On the verge of signing with the National Democratic Front of the Philippines (NDFP) what would have been a landmark agreement to redistribute land for free all over the country, he scuttled the talks in 2017. Since then, he has made no bones in taking the well-worn path of his most despotic predecessors in Malacañang.

No Philippine president in history has truly implemented land reform nor attempted to jumpstart national industrialization spurred by a genuine land reform program. On the contrary, their so-called land reform programs sought only to placate the masses even as land remained in the hands of a few. From the bitter experiences of peasants, every land reform program by the Government of the Philippines had more loopholes than grounds to actually distribute land. And even when some eventually got distributed, it somehow got back soon enough to landlords.

Duterte merely continued the Comprehensive Agrarian Reform Program begun under former Corazon Aquino. Despite decades and a succession of presidents and CARP extensions, it is still far from attaining 100-percent distribution of its already narrowed target. Under Duterte, distribution is at the slowest, poorest pace.

DAR records show that the Duterte administration, in its first three years in office, was able to distribute to farmer-beneficiaries only 91,776 hectares of agricultural landholdings. That’s an average of 30,592 hectares a year. His land acquisition and distribution (LAD) pace was only 8% of that of the Fidel Ramos administration in its first three years.
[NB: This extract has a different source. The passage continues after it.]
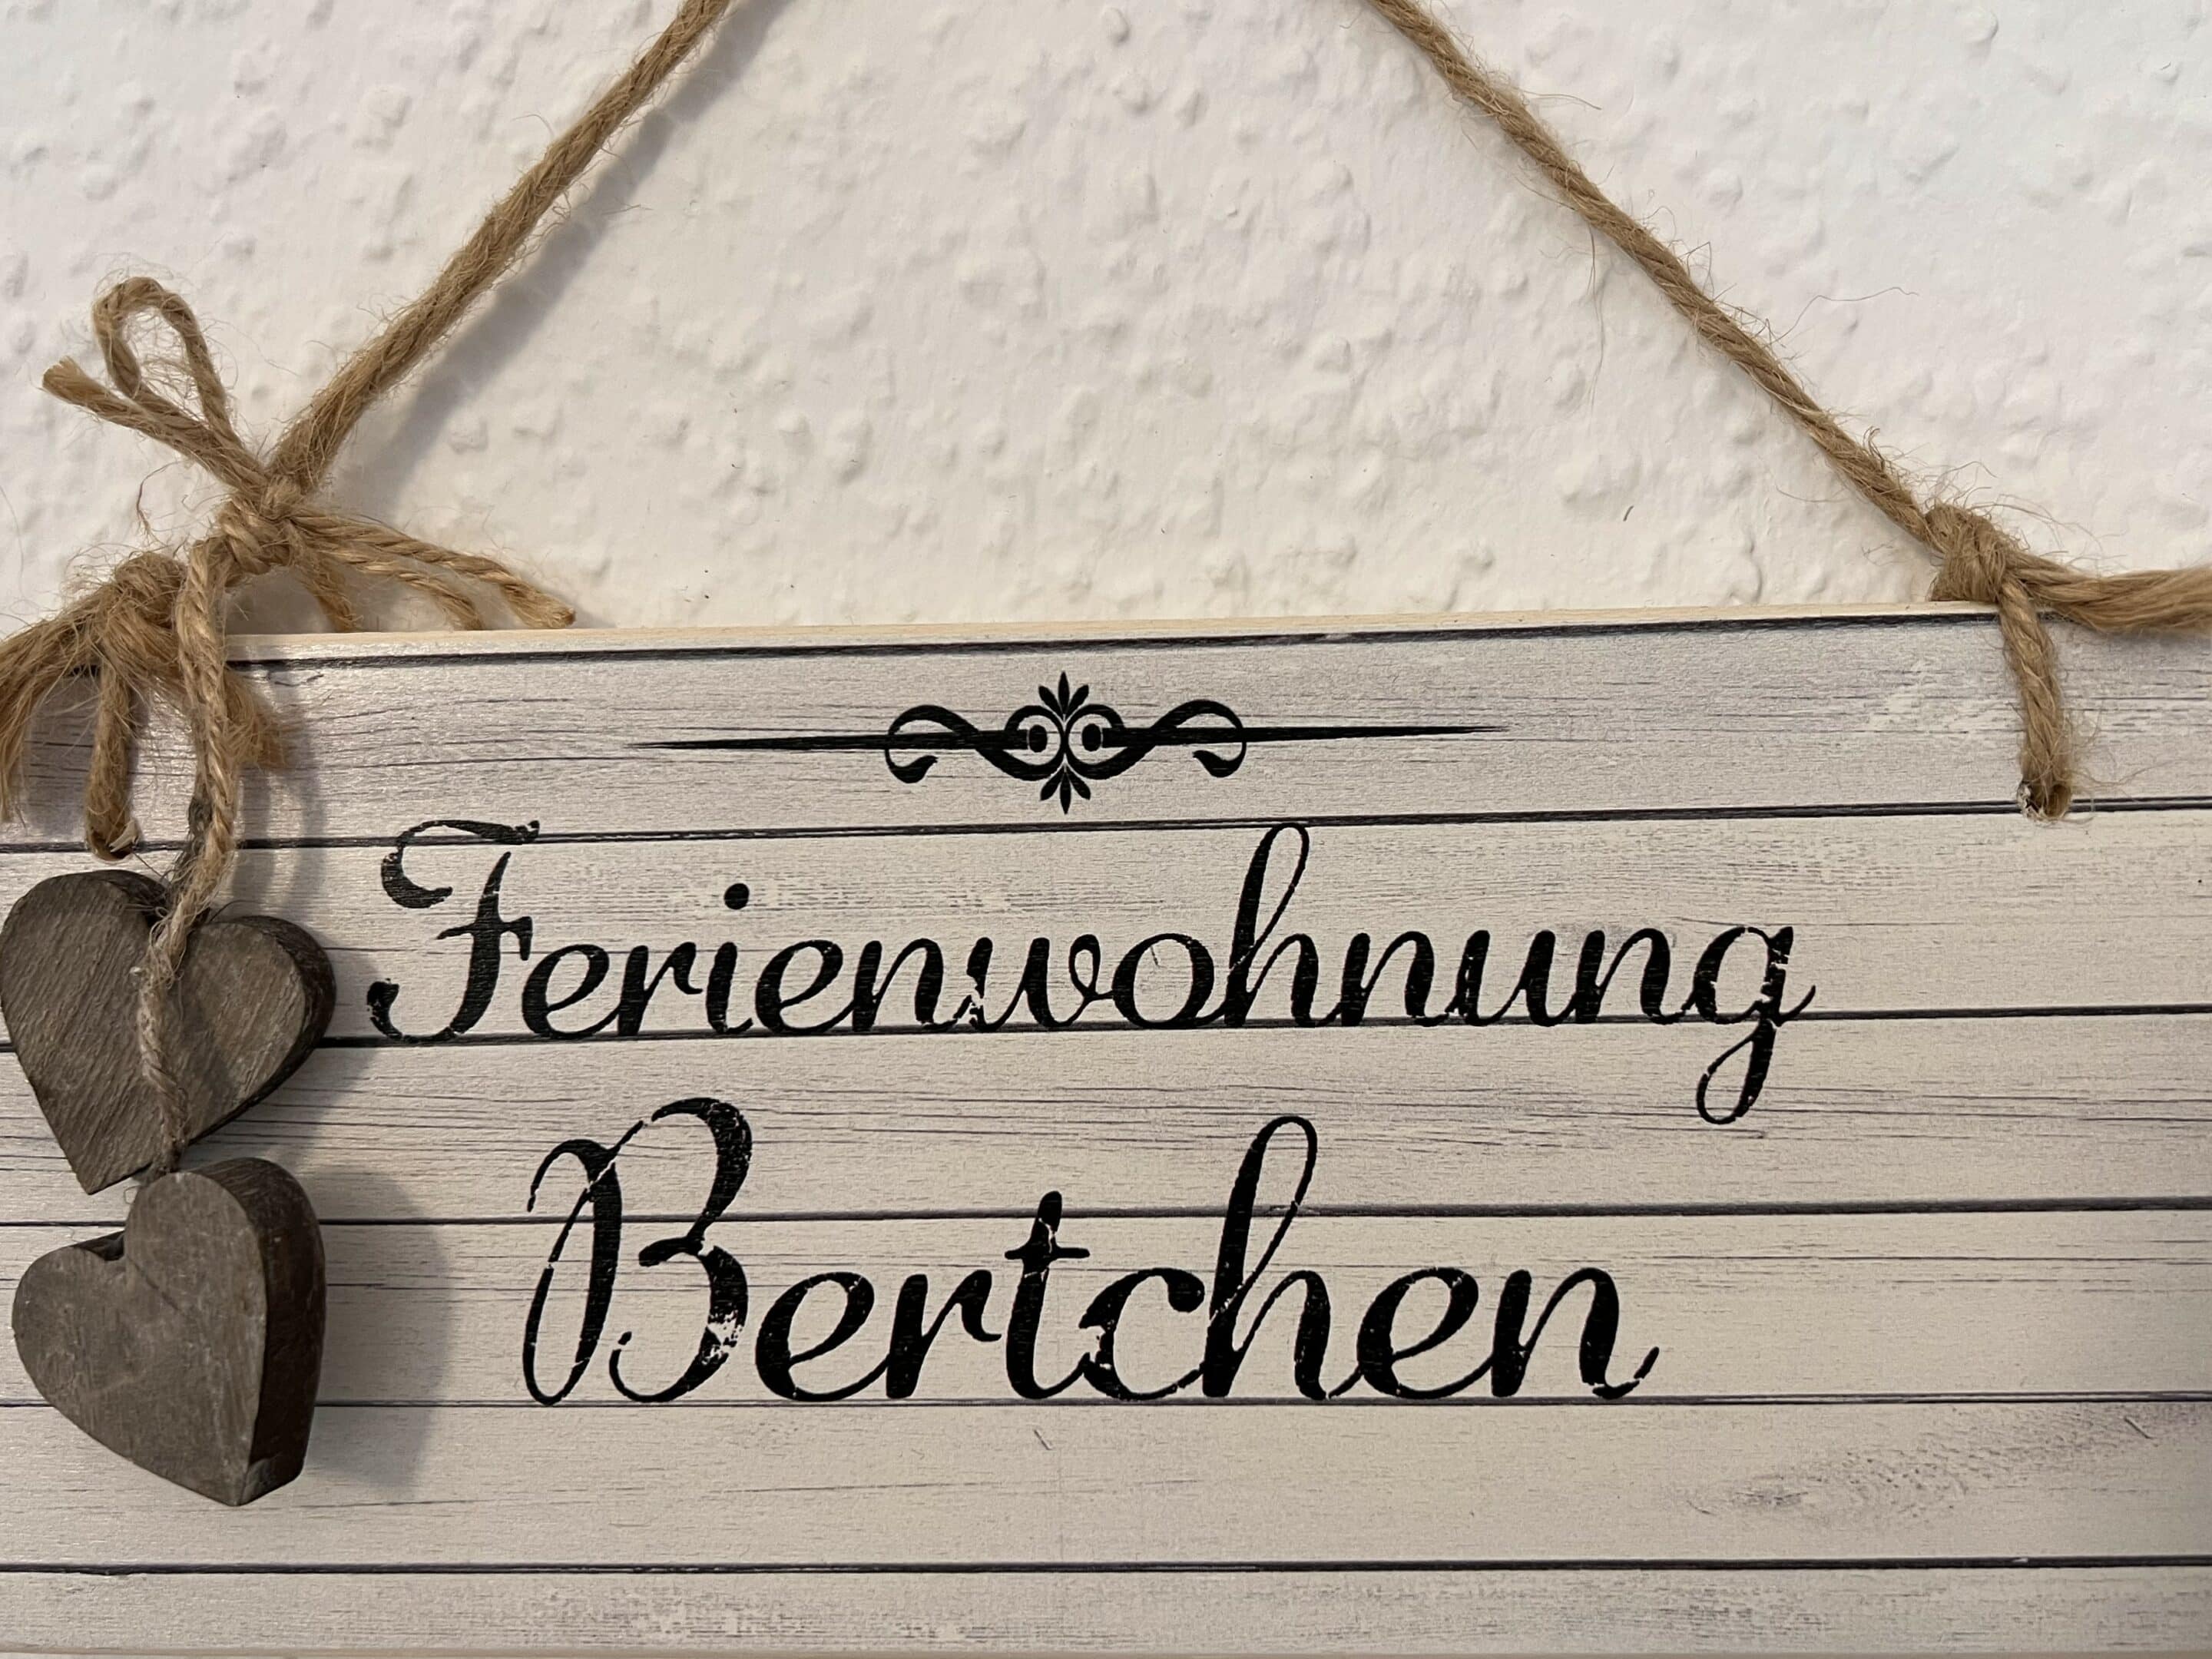 Bertchen-Tuerschild-1000x750

Ramos was top performer among the previous presidents.

Here are the comparative LAD accomplishments of Duterte’s predecessors in the first half of their terms:

  • Corazon Cojuangco Aquino: distributed 452,074 hectares from 1988 to 1990, or 150,691 hectares a year;
  • Ramos: distributed 1,113,019 hectares from 1992 t0 1994, an average of 371,006 hectares annually;
  • Joseph Estrada: distributed 379,905 from 1998 to 2000, or 126,635 yearly;
  • Gloria Arroyo: distributed 313,778 hectares from 2001 to 2003, averaging 104,593 hectares per year;
  • B.S. Aquino III: distributed 320,916 hectares from 2010 to 2012, or 106,972 hectares each year.

Data: Dept. of Agrarian Reform land distribution accomplishment in 2016 to June 2019 is 2,920 hectares on average per month under Duterte,

less than the July 2010 to 2015 monthly average of 8,254 has. reported by DAR under Noynoy Aquino;
9,407 has. under Arroyo in January 2001 to June 2010,
and 11,113 has. monthly average under Estrada.
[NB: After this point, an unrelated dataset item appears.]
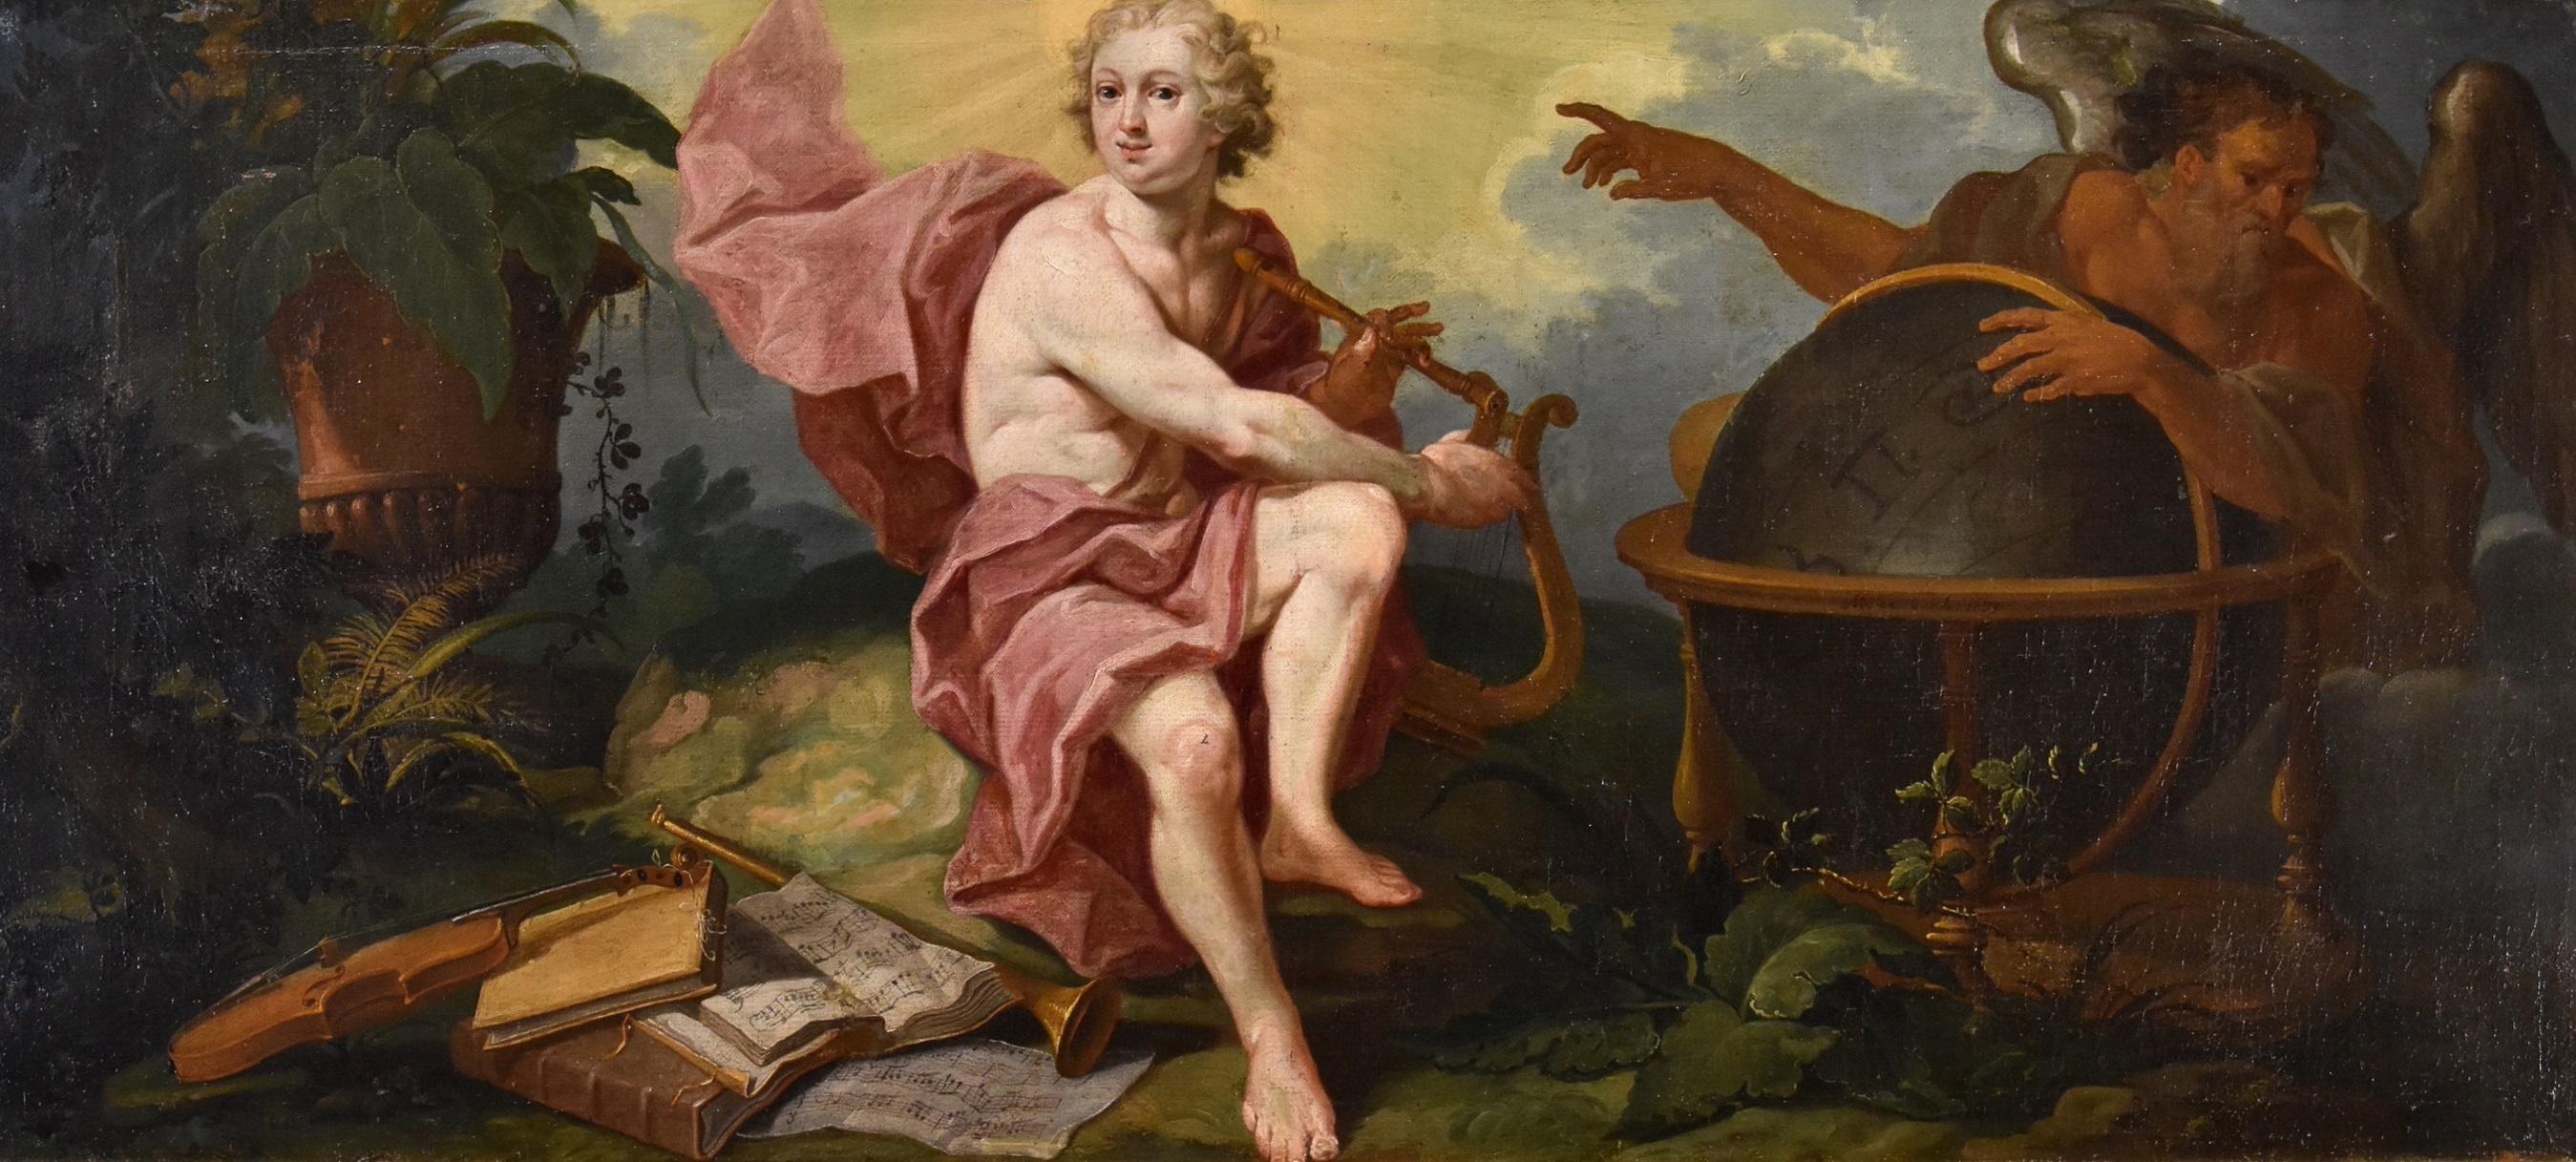 Allegory Triumph Of Art Over Time De Visch Paint 18th Century Oil on canvas Art  - Painting by Matthias De Visch (1701 - 1765)

There is a raging armed revolution in the Philippines because peasants and the basic masses, including sections of the middle class and local small capitalists, thirst for land reform. They yearn for the greater prosperity of industrialization that genuine land reform will naturally stimulate, and for the assured just distribution and sustainability of this prosperity because of the socialist perspective of the national democratic revolution being waged by the CPP-NPA-NDFP.

Over the years, the masses especially the poor peasants have been supporting and joining the NPA because they have seen in its programs and its achievements the solutions to feudal and imperialist oppression. This is the movement that truly promises and will deliver thoroughgoing change for the better.

Duterte is striking a very wrong stance with his CLOA distribution and counterrevolutionary war cries. His threat to crush the people’s democratic revolution is a threat to derail developments in actual land reform being implemented by the peasant-based NPA. It’s a threat as well to delay the country’s national industrialization. This is not acceptable to the Filipino masses who continue to suffer a life of misery under the landlord-comprador and imperialist puppet presidents including Duterte.

Another president who posed with CLOAs amid counterrevolutionary war cries was Joseph Estrada. In Bondoc Peninsula, after a series of successful NPA tactical offensives there 20 years ago, he vowed to crush the revolution movement. He became the second president to be ousted through the people’s peaceful direct action.

“WHOLE OF NATION” AS MARTIAL LAW UNDERCOVER?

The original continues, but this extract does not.